Some folks here have talked about removing the three point linkage entirely for their hay tractors. For those of us that can't (2-pt discbine and 2-pt tedder) dealing with sway chains and turnbuckles can be a constant frustration. My mower tractor has stabilizer bars instead of chains. Some research later, my Deutz has them too. Looking forward to using this cheap modification. $72 each from SpareX. Designed for some Massey and Ford/FornNH applications but easily adapted.


----------



## JoshA (Apr 16, 2008)

Have that system on a Ford 7710-II, loved it forever. 7630 and 7830 Deeres here have the stupidest fricken 3pt design of all time, as far as the blocks are concerned at least. And I cant seem to telescope them out either.


----------



## Bishop (Apr 6, 2015)

I use a bungie cord. Doesn't work worth crap, but it's something.  Those things clang like crazy on my hill land.

You solution looks golden.


----------



## IHCman (Aug 27, 2011)

I use a tarp strap to keep em together. Only hear em clang if its extremely rough.

Neighbor takes his off of a couple of his John Deeres every year. I don't even know if I can take the arms off of my IH's lol.


----------



## JD3430 (Jan 1, 2012)

I thought all tractors had them? Both mine do.


----------



## PaMike (Dec 7, 2013)

Have a part number? Are there different lengths? I


----------



## 8350HiTech (Jul 26, 2013)

JD3430 said:


> I thought all tractors had them? Both mine do.


They certainly should. Kind of like everything should have the claw ends on lift arms.



PaMike said:


> Have a part number? Are there different lengths? I


There were a few different lengths. The ones i bought are 18" fully retracted with a stated max length of 29", though I don't think that would have enough overlap on the threaded end. I ordered it through my local tractor mechanic so I don't have a part number handy. However, these appear to be the two best options for adaptability and were pretty much the two options that I narrowed it down to. I wanted the ball joint in the axle end so that's how I decided.
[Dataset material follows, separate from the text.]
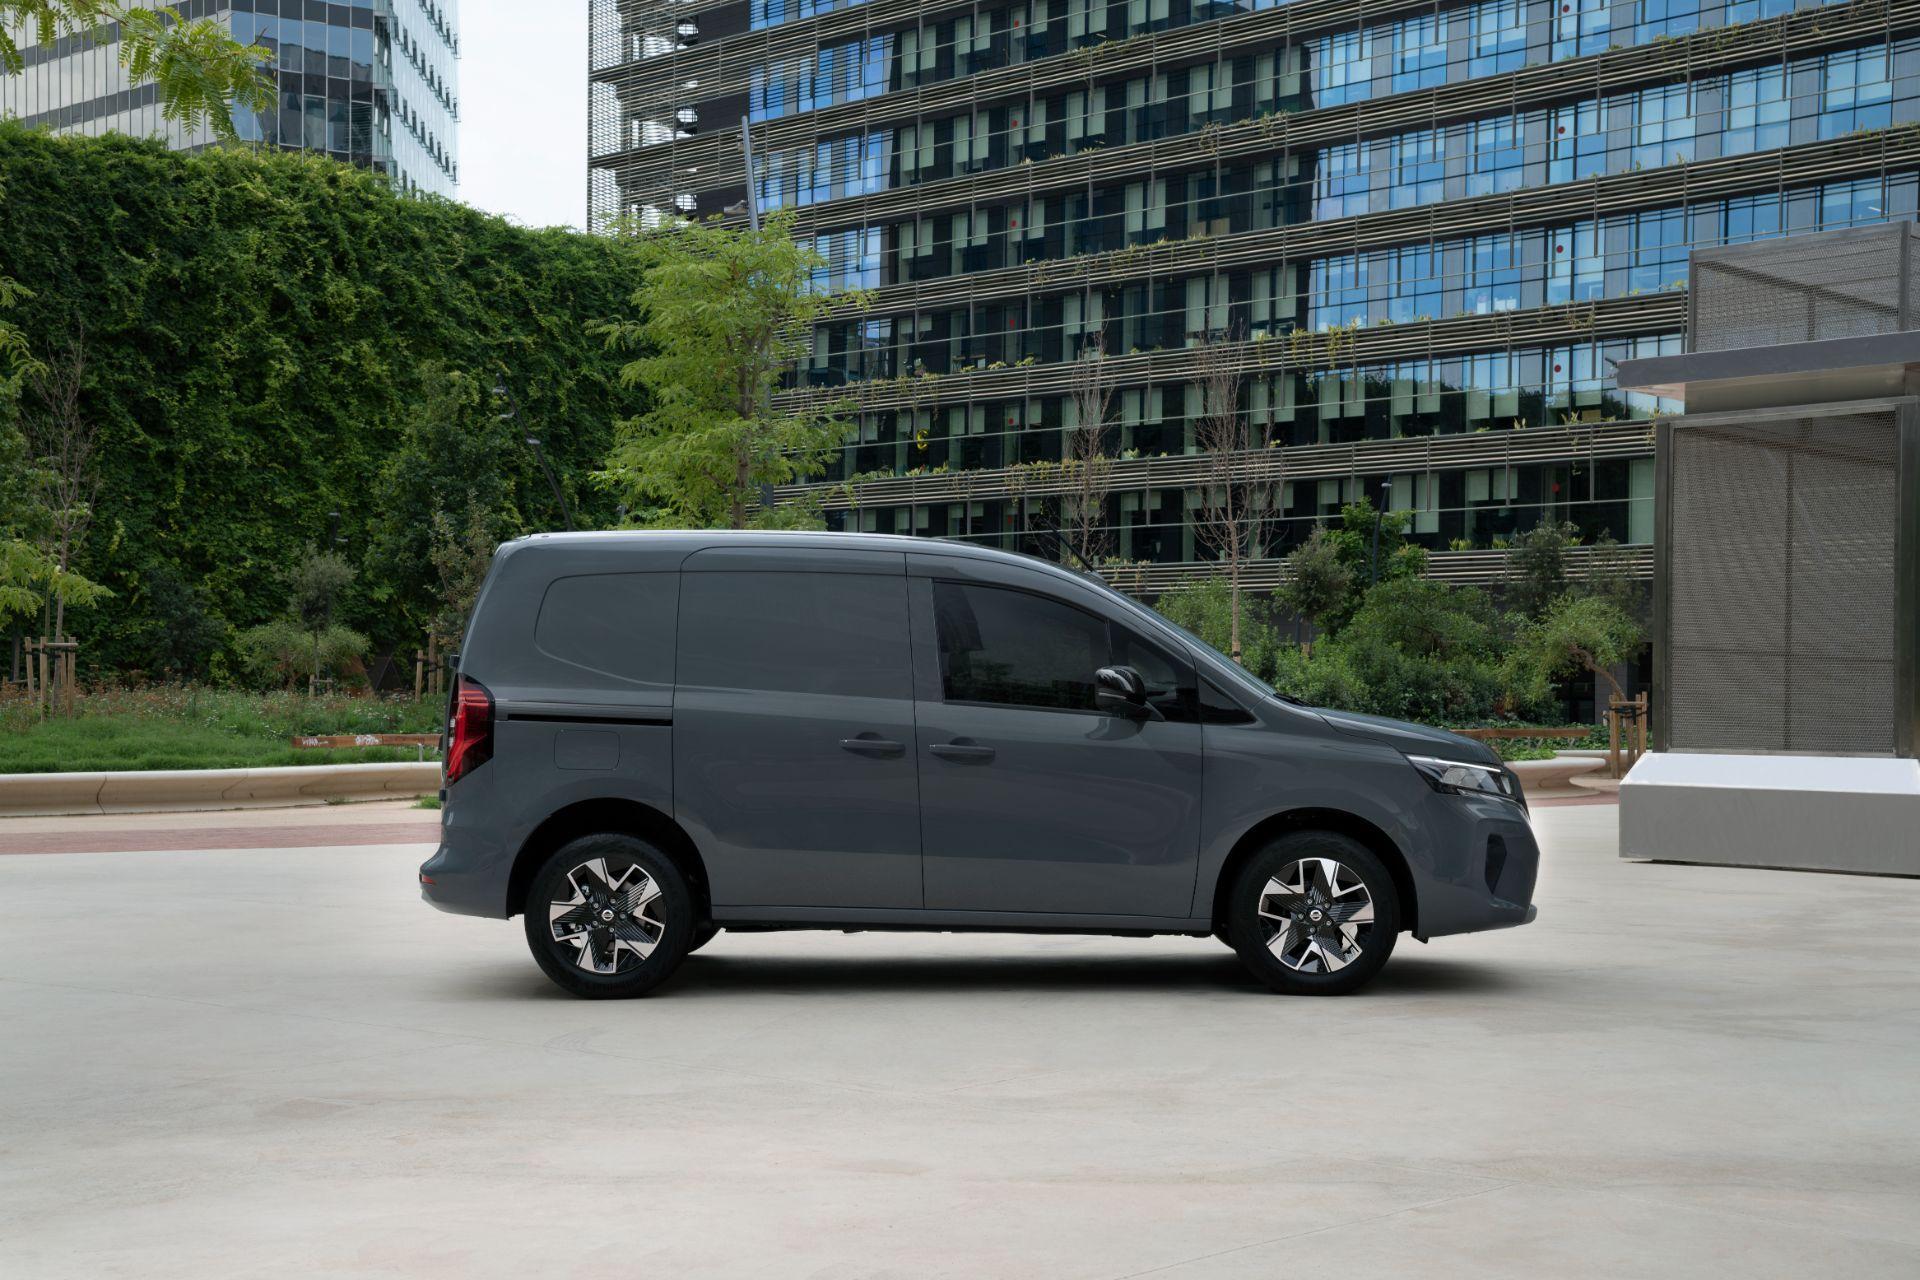 2022-Nissan-Townstar-petrol-van-dynamic-12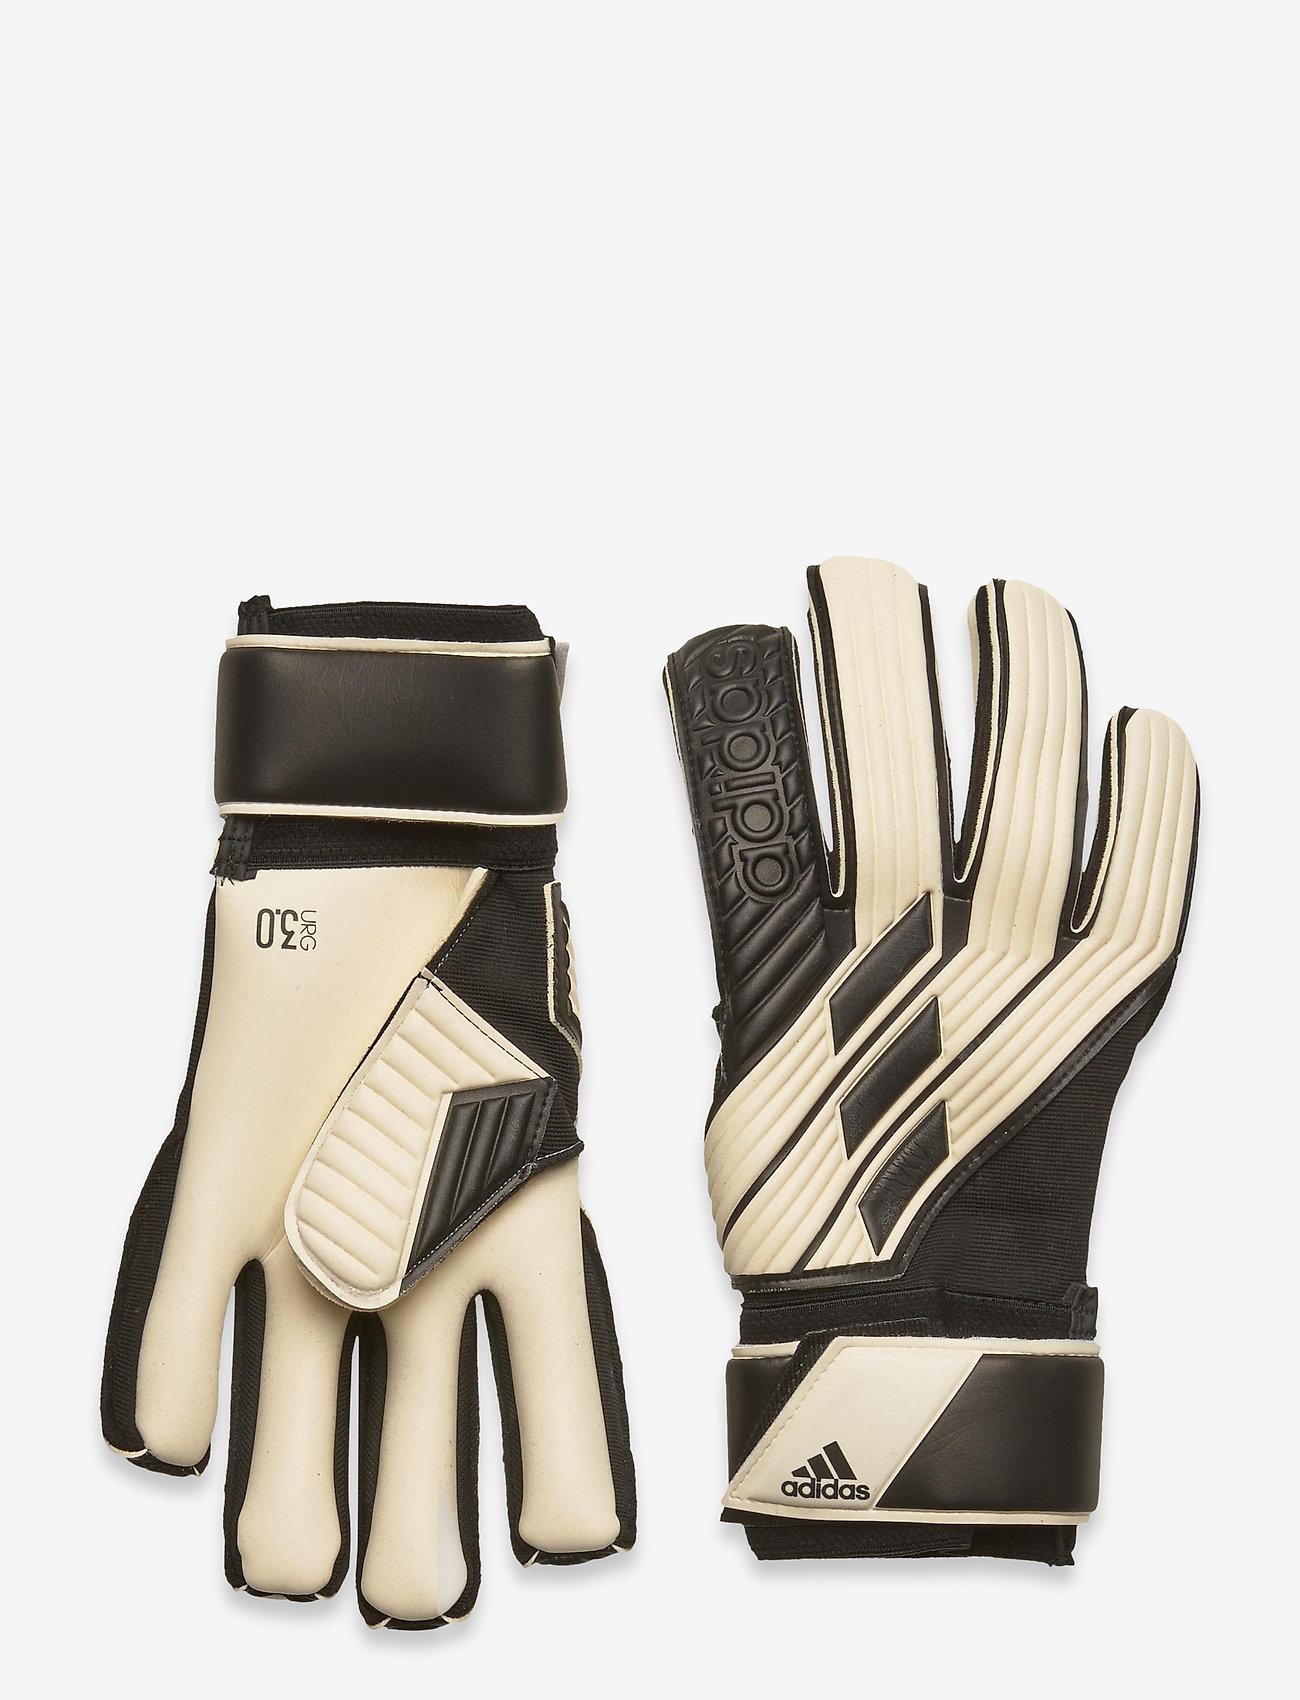 adidas Performance - Tiro League Goalkeeper Gloves - sprzęt piłkarski - white/black - 0

http://m.ebay.com/itm/371208069432?nav=SEARCH

http://m.ebay.com/itm/231115802279?nav=SEARCH


----------



## 8350HiTech (Jul 26, 2013)

IHCman said:


> I use a tarp strap to keep em together. Only hear em clang if its extremely rough.


That works if you want them together. But now I can keep my spread (to avoid banging them into hitches or shafts) and still not have them bang around. And they're so much easier to adjust when it comes time to hitch to a mounted implement.


----------



## barnrope (Mar 22, 2010)

I like to keep quick hitches on all the three points to keep them from banging around so much.


----------



## Grateful11 (Apr 5, 2009)

Bishop said:


> I use a bungie cord. Doesn't work worth crap, but it's something.  Those things clang like crazy on my hill land.
> 
> You solution looks golden.


That's what's on the CaseIH 5140, a bungie cord. There's no stabilizers on the it's 3 pt hitch, just big cast iron blocks with 2 settings.


----------



## Shetland Sheepdog (Mar 31, 2011)

I have the "OEM" telescoping sway bars on my 5610-2. :wub: Took me a while to figure out the proper holes to be able to change from Cat-1 to Cat-2 just by moving the pins, and not having to mess with the threaded adjustment   My 3910 and 5610 have solid sway bars with holes for both categories. ^_^

Edit: Forgot to mention that Bro put "after market" telescoping sway bars on his Ford 5000. They work well also!


----------